Week of furious protests leaves Chilean leaders stunned
After a week of huge and sometimes violent protests, Chileans are showing no sign of easing the pressure on a government that seems stunned and paralyzed by a popular explosion fueled by years of socio-economic frustration.
Seeking to negotiate an end to the crisis, President Sebastian Pinera on Saturday announced a sweeping reshuffling of his cabinet and said a highly controversial state of emergency could end as early as Sunday "if circumstances permit."
Whether such moves will help take the air out of the protests that have brought much of the country to a standstill remains to be seen.
The public fury in Chile, one of South America's richest and most stable countries, was touched off by a four-cent rise in ticket prices on the state-owned Metro system.
That seemingly innocuous change sparked angry clashes with security forces, widespread looting, and demonstrations that culminated Friday in Santiago with the historic mobilization of nearly a million people.
The protesters, if anything, appear to be gaining energy, and their list of demands has continued to grow, reaching far beyond the price of public transportation.
The demands now include decent retirement benefits, affordable health care and education, lower prescription drug prices... but also Pinera's resignation and even the scrapping and replacing of the nation's Constitution, which dates from the Pinochet dictatorship (1973-1990).
Between the calls for greater social justice and the demands for political transformation, "It's hard to know which of these two dimensions will be the key to managing an exit from the crisis," said Marcelo Mella, a political scientist at the University of Santiago.
But with more than a million Chileans taking to the streets nationwide -- in a country of just 18 million -- the protests are no longer limited to the demands of the country's poorest.
"This social explosion includes some people who are very angry, but also -- and this is unprecedented -- there are demonstrators from more affluent neighborhoods," said Genaro Cuadros, a professor of urban studies at Diego Portales University.
- Governmental paralysis -
From the beginning of the protests, President Pinera, in office since 2017, has been criticized for failing to grasp the severity of the crisis.
Security forces have been blamed for five of the 19 protest-related deaths so far, and government critics say a heavy-handed response has merely strengthened their resolve.
"Never has a government been so incompetent in handling a crisis that the police were not sufficient and we end up with troops in the street," Cuadros said.
"The social explosion left the government stunned," said Mella, adding that much of the political class shared that attitude.
Pinera's decision to reshuffle the government came four days after he had announced a long list of social measures, including greater retirement benefits, higher taxes on the richest Chileans, a rolling back of the subway fare increase, and the postponement of a planned hike in electricity rates.
But, Mella said, "most of these measures just add to public spending and weigh on the state," without addressing flaws in the Chilean economic model or dealing with inequalities.
Another challenge for the government, he said, is the absence of any clear leaders emerging from the protest movement, making it harder to negotiate a solution.
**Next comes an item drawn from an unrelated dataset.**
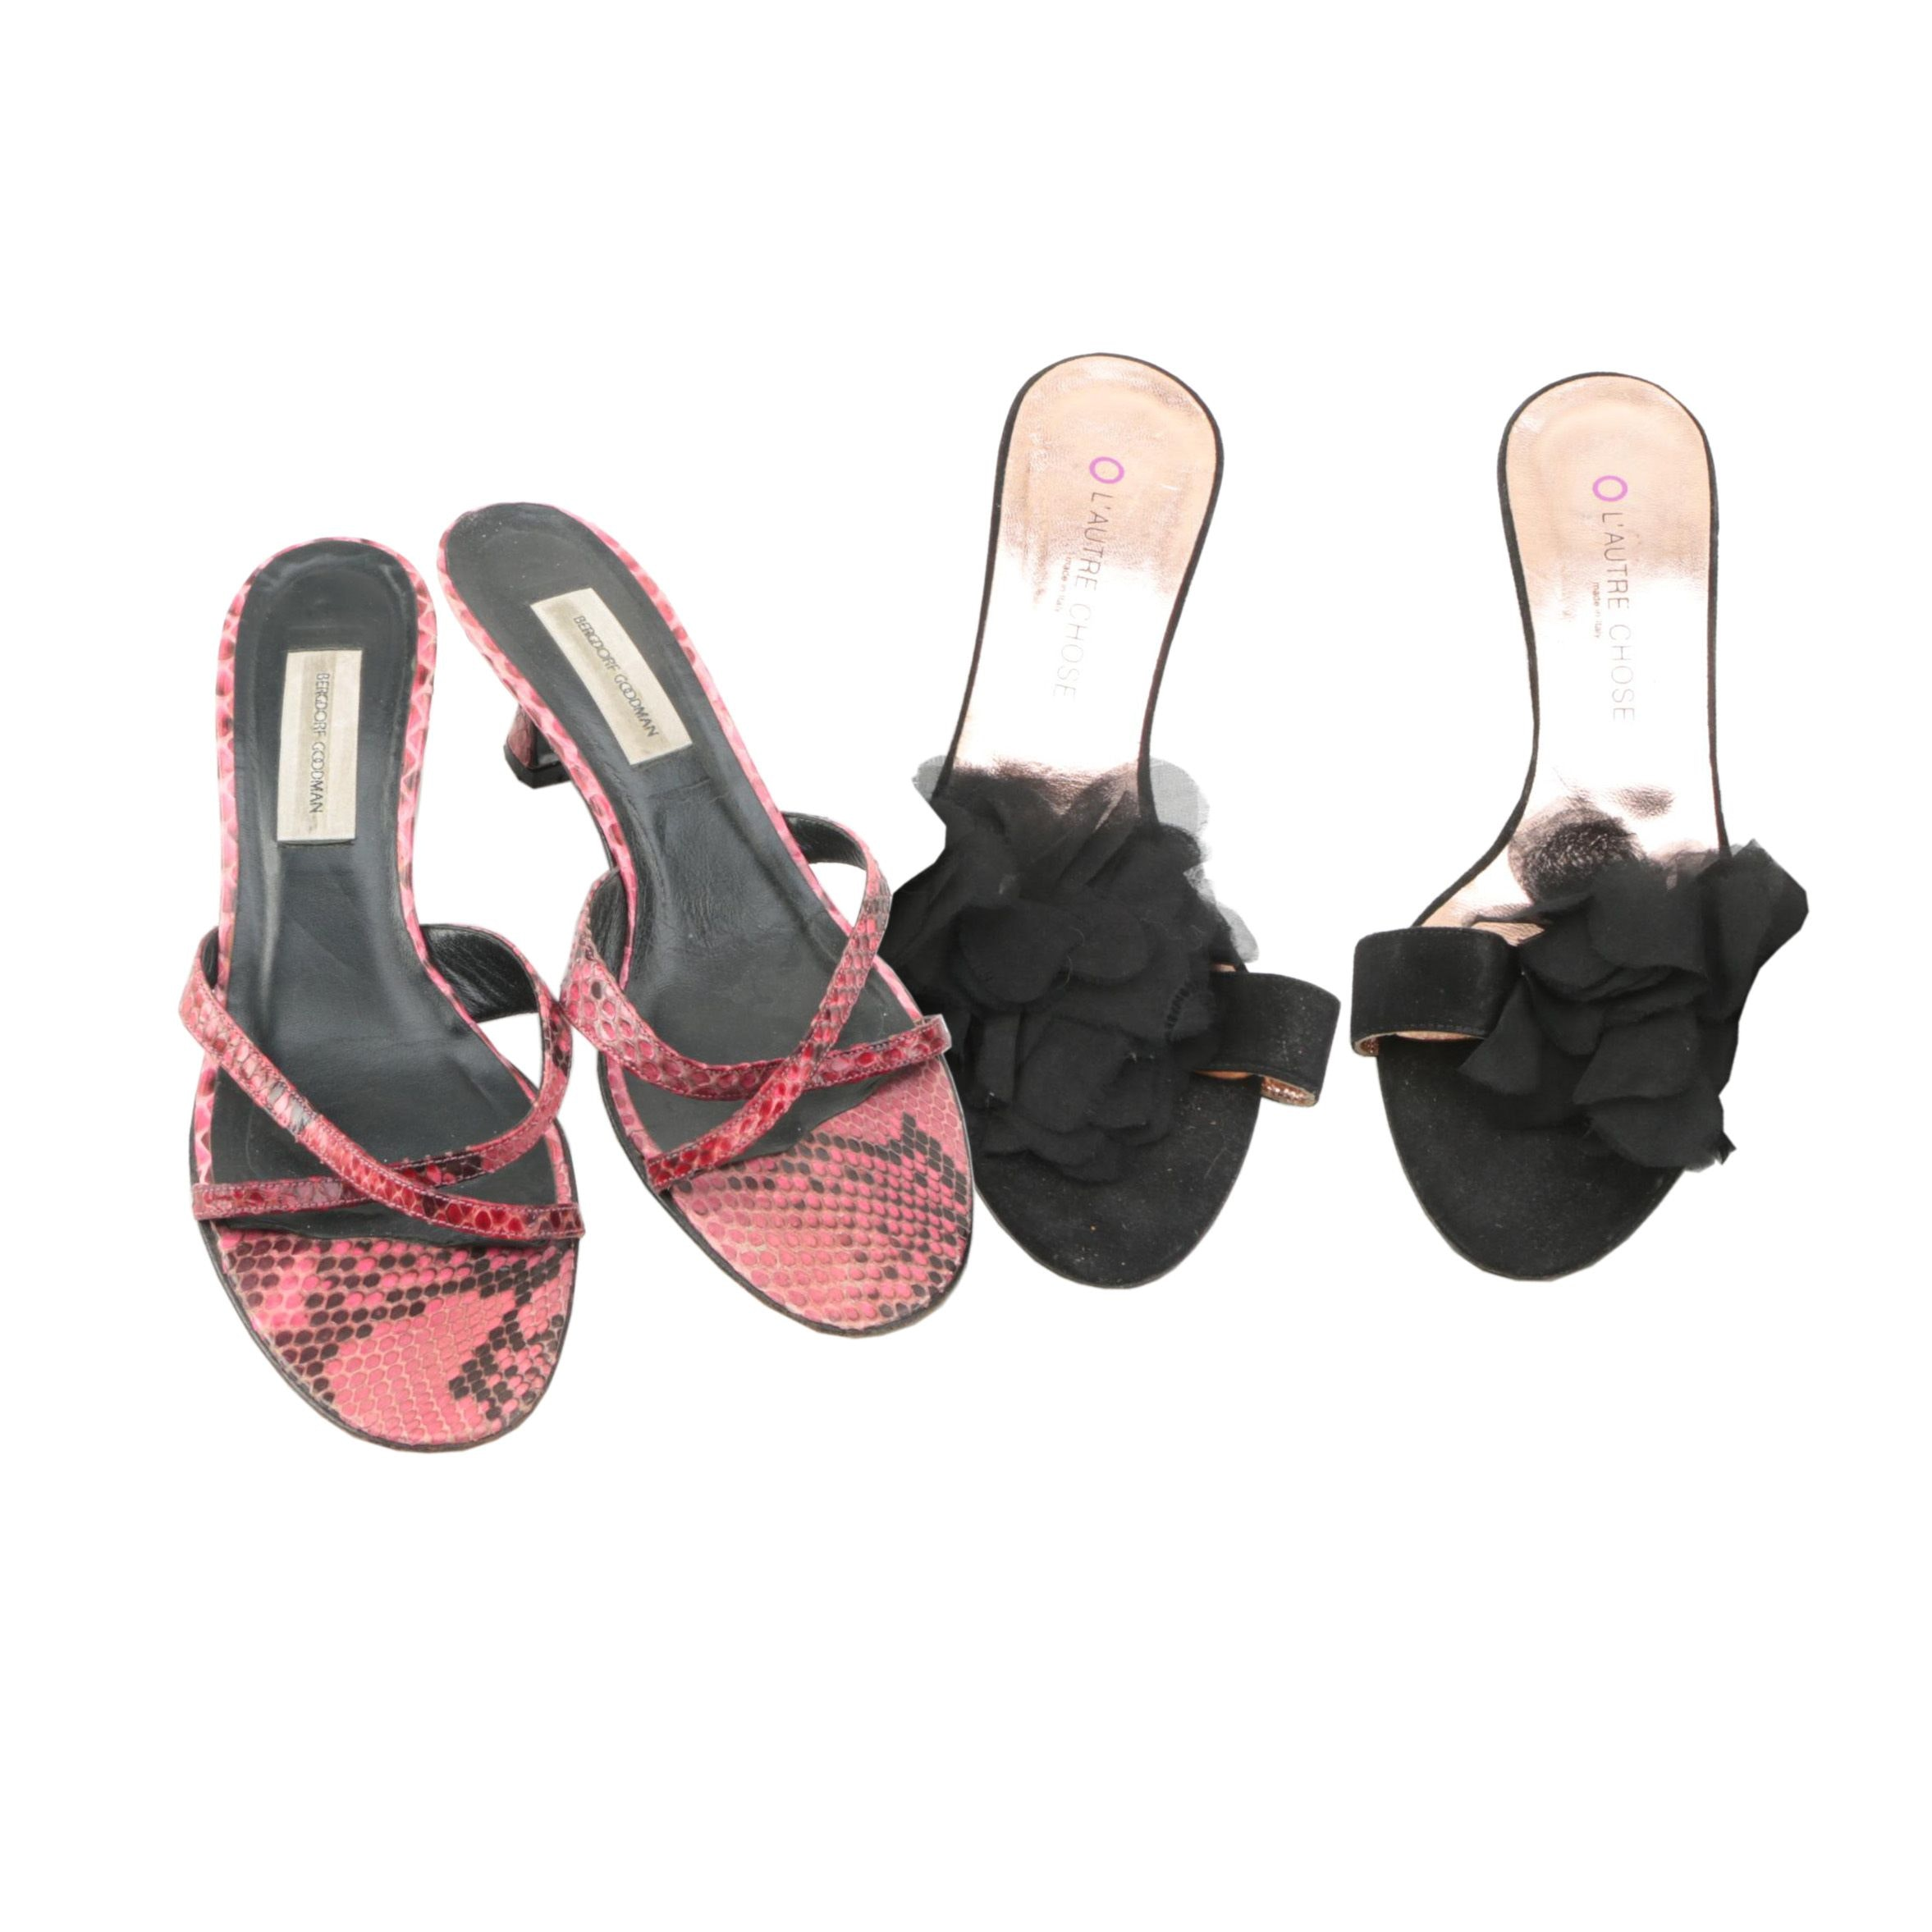 Kitten Heeled Sandals

Chilean newspapers have compared the uprising to the "yellow vest" crisis in France, noting that French president Emmanuel Macron's formula for calming the waters involved organizing a nationwide "great debate."
- Painful memories -
By declaring a state of emergency when violence first erupted on October 18 and sending thousands of soldiers into the streets, the Chilean president sparked a furious reaction in this country where memories of a dictatorship that left 3,200 people dead or disappeared are still painfully fresh.
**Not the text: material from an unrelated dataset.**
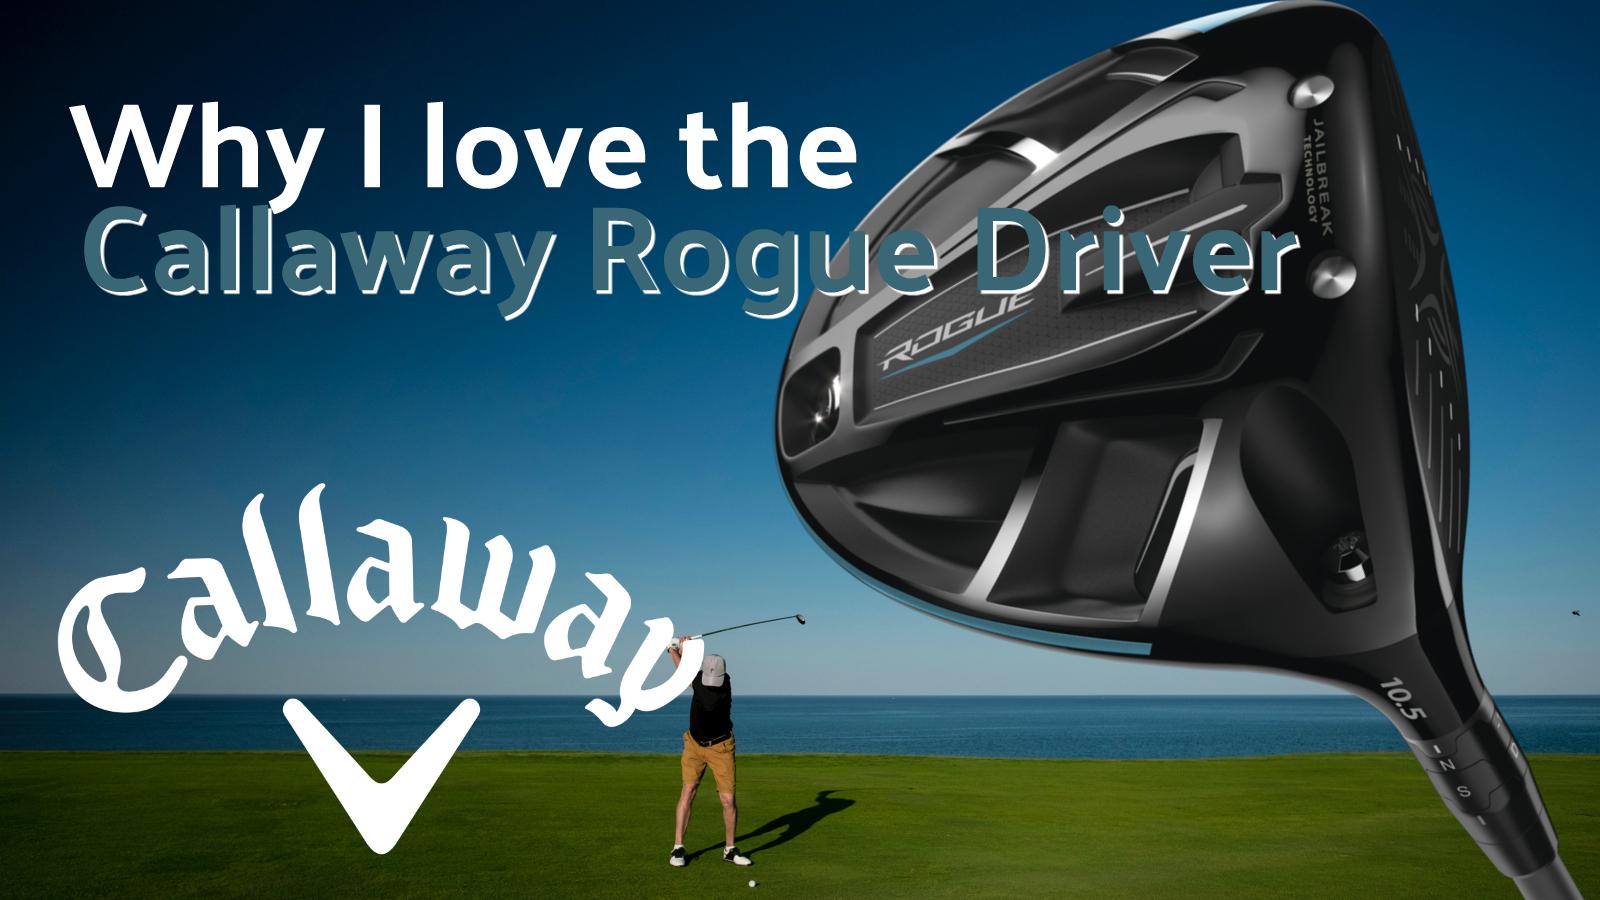 Why We Love The Callaway Rogue Driver   2018 Callaway Rogue

That sort of response should be the "last, or next-to-last taken by a government, but in Chile's case, it was the first," said Mella, who believes the nation's leaders have fallen into a trap of their own making.
On Saturday, the military announced that a nighttime curfew was being lifted.
But with new violence a real possibility, the president's room for maneuver appears limited, analysts say.
Mella believes the government will have to offer a "very aggressive" suite of reform measures and stand ready to engage in the "broadest possible political dialogue" if it is to placate the protesters.
- The costs of protest -
The economic costs of the week's protests are serious: hundreds of supermarkets, shops and businesses have been looted or burned, the Metro system has suffered damage, leading to reduced service, and tourists have postponed or canceled their visits.
Local media estimate the financial costs so far at more than $900 million, directly affecting 400,000 employees.
But Chile is one of the region's most economically stable countries, and consultancy Latin America Economics concludes that "while the human cost of the Chilean protests is growing, they are unlikely to impose a significant economic cost."
The Santiago Stock Exchange has shown no signs of panic and the Chilean peso has remained stable.